# Mean

Mean is one of the most fundamental measures of central tendency in statistics. It provides a single numerical value that represents the typical or average value of a set of numbers.

$$ \bar{x} = \frac{1}{n} \sum_{i=1}^{n} x_i $$

# Standard Deviation

Standard deviation is a measure of the spread of a dataset. It quantifies the amount of variation or uncertainty in the data points. A low standard deviation indicates that the data points tend to be close to the mean, while a high standard deviation suggests that the data points are spread out over a wider range of values.

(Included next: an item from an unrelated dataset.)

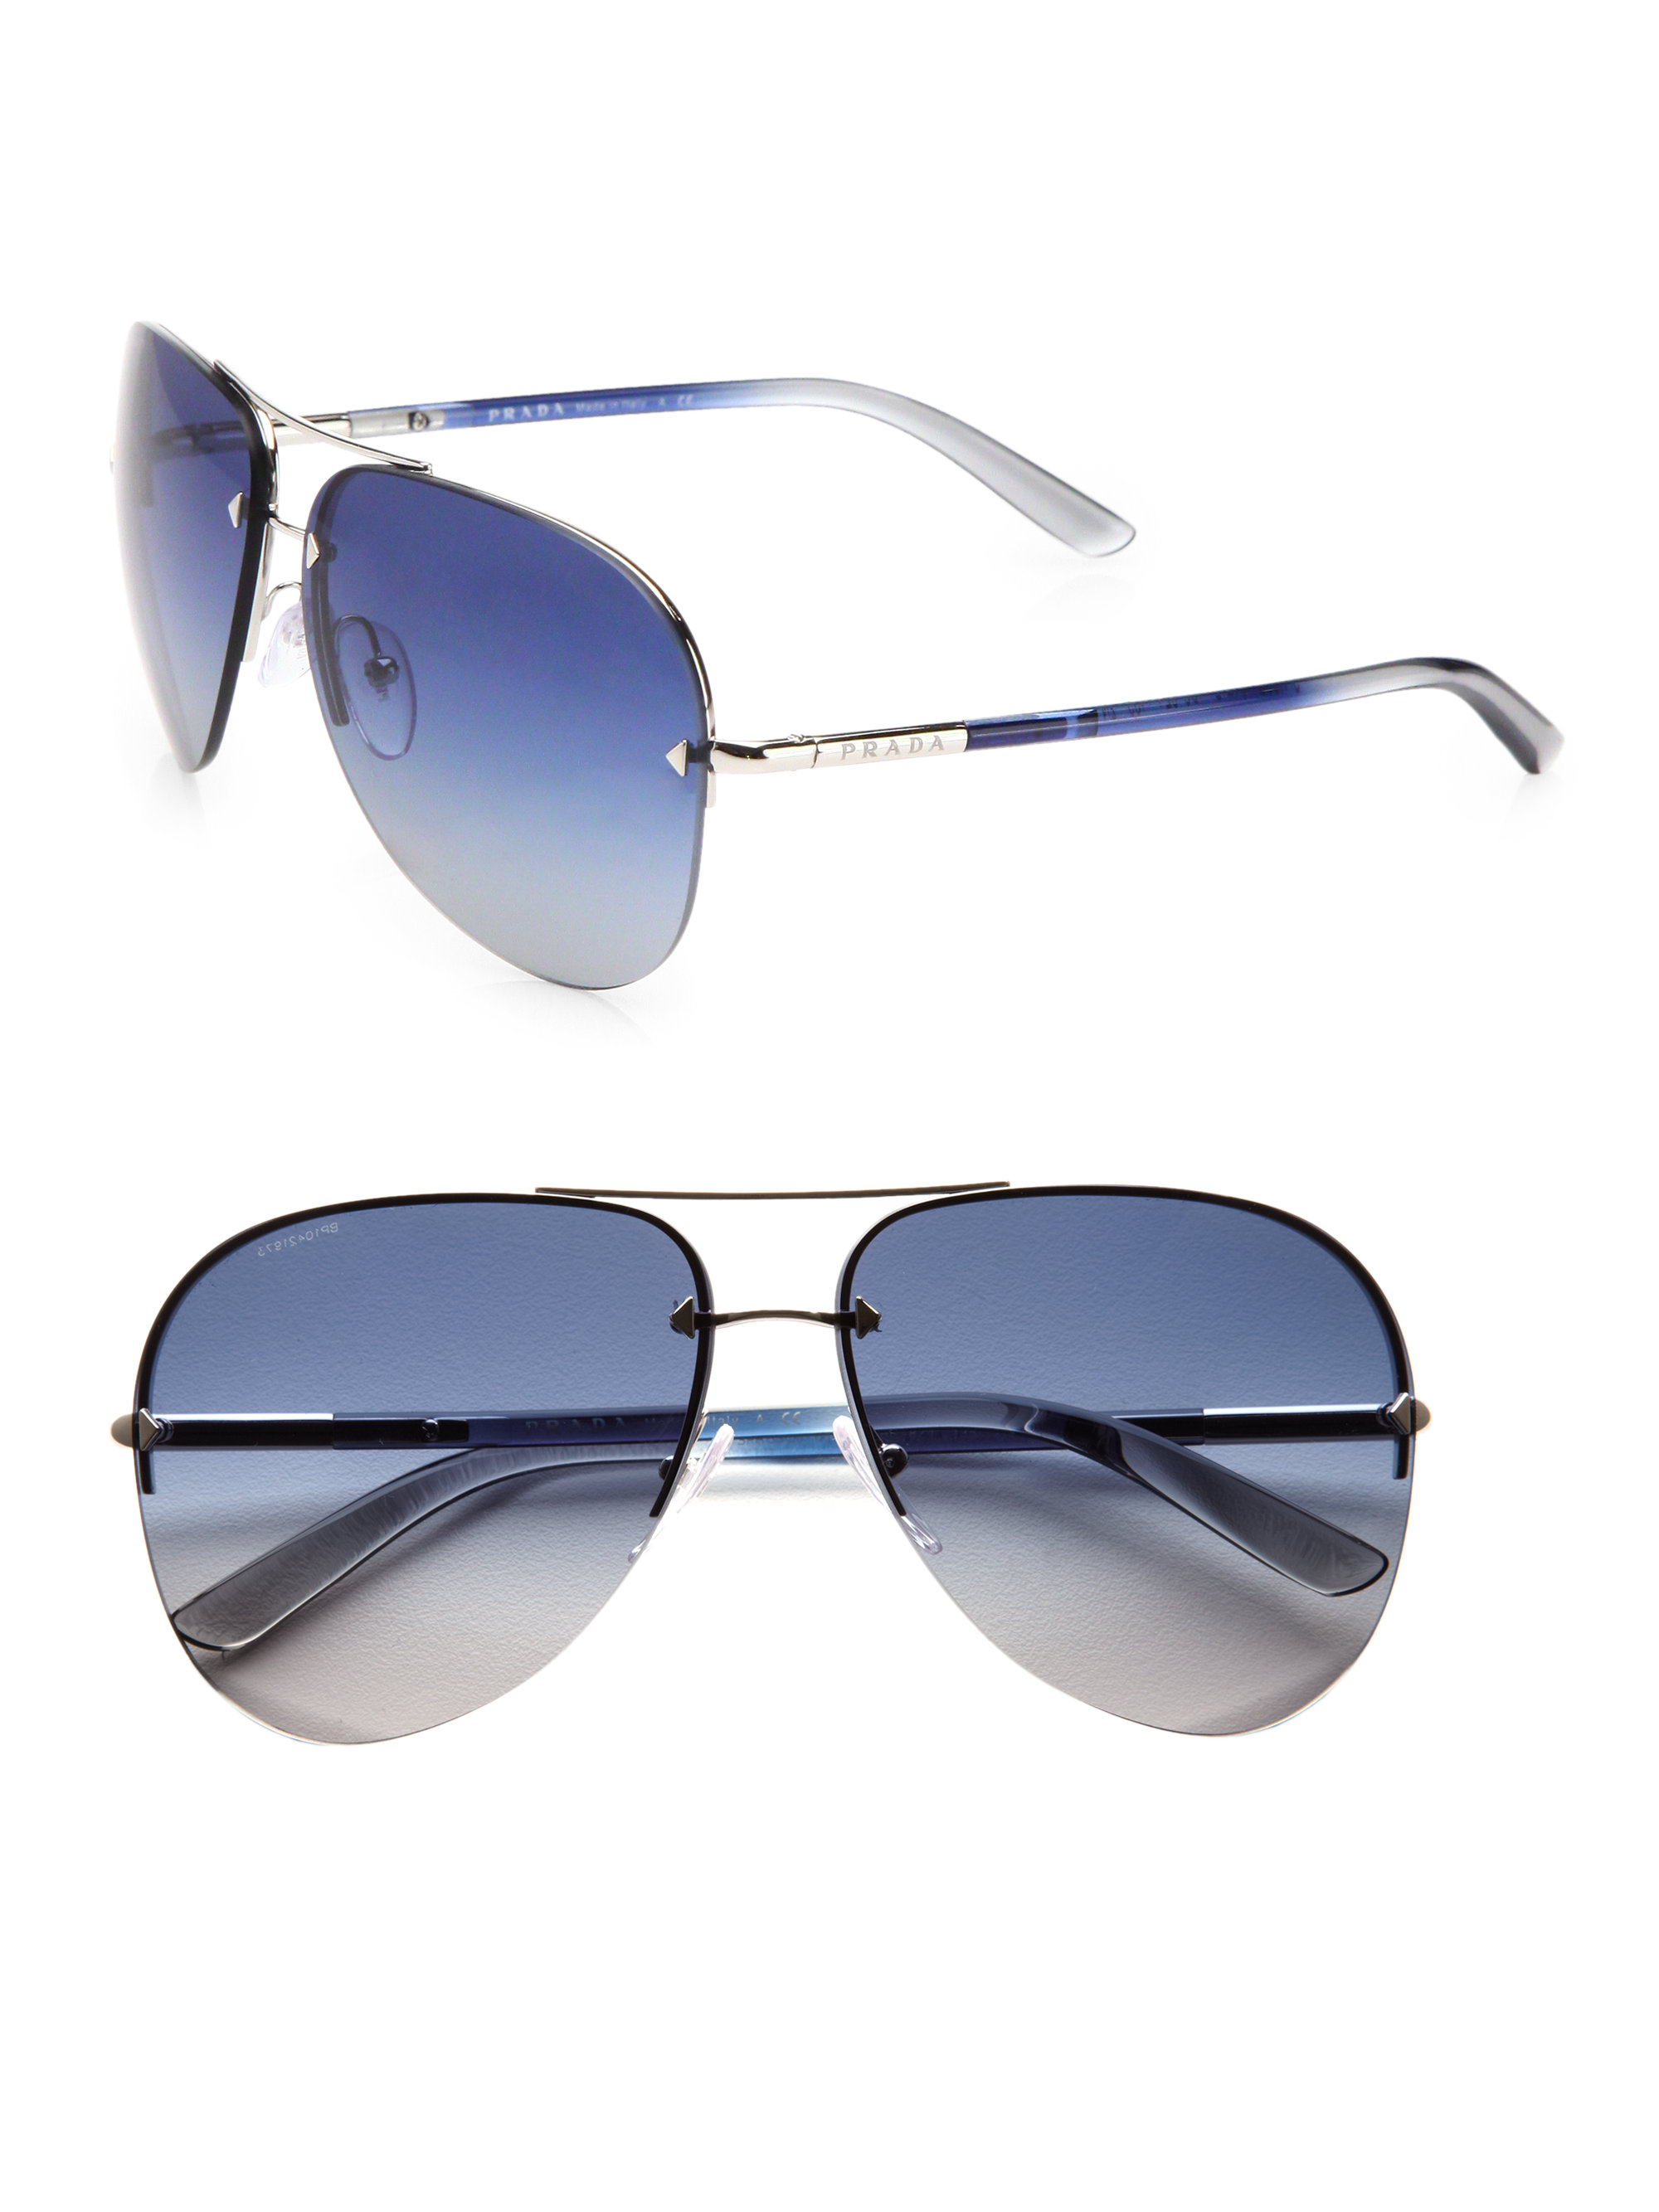 prada mens sunglasses blue, OFF 73%,www

$$ \sigma = \sqrt{\frac{1}{n} \sum_{i=1}^{n} (x_i - \bar{x})^2 } $$

# Dataset

In [1]:
# Blood glucose value
data = [124, 110, 120, 109, 99, 90, 89, 95, 126, 122, 120]

# Numpy

NumPy is a fundamental package for scientific computing in Python. It provides support for arrays, mathematical functions to operate on these arrays, and tools for working with them. NumPy's primary data structure is the ndarray (n-dimensional array), which allows for efficient manipulation of large datasets.

In [2]:
# Installing numpy
! pip install numpy



# Calculate Mean using Numpy

In [3]:
# Importing module
import numpy as np

# Calculating mean
mean = np.mean(data)

print(f"Mean = {mean.round(2)}")

Mean = 109.45


# Calculate Standard Deviation using Numpy

In [4]:
# Importing module
import numpy as np

# Calculating standard deviation
std = np.std(data)

print(f"Standard deviation = {std.round(2)}")

Standard deviation = 13.42


# Data Standardization using Mean and Standard Deviation

Standardization, also known as z-score normalization, is a preprocessing technique used in machine learning to transform features so that they have a mean of 0 and a standard deviation of 1. This process centers the data around 0 and scales it, making it easier for machine learning algorithms to interpret and process the features.

$$\ x_{\text{standardized}} = \frac{x - \bar{x}}{\sigma} \$$

In [5]:
# Importing module
import numpy as np

# Calculating mean
mean = np.mean(data)

# Calculating standard deviation
std = np.std(data)

# Standardization
data_stand = (data - mean)/std

print(f"Data after standardization: {data_stand.round(2)}")
print(f"Mean of standardized data = {np.mean(data_stand).round(2)}")
print(f"Standard deviation of standardized data = {np.std(data_stand).round(2)}")

Data after standardization: [ 1.08  0.04  0.79 -0.03 -0.78 -1.45 -1.52 -1.08  1.23  0.93  0.79]
Mean of standardized data = 0.0
Standard deviation of standardized data = 1.0


# Limitations
While the mean and standard deviation are widely used statistical measures. It has some limitations as well.

1. Sensitive to outliers
2. Not robust for skewed data

In [6]:
# Data with an outlier
data = [124, 110, 120, 109, 99, 90, 89, 95, 126, 122, 120, 250] # 250 is the outlier


# Calculating mean
mean = np.mean(data)

# Calculating standard deviation
std = np.std(data)

print(f"Mean = {mean.round(2)}\nStandard deviation = {std.round(2)}")

Mean = 121.17
Standard deviation = 40.91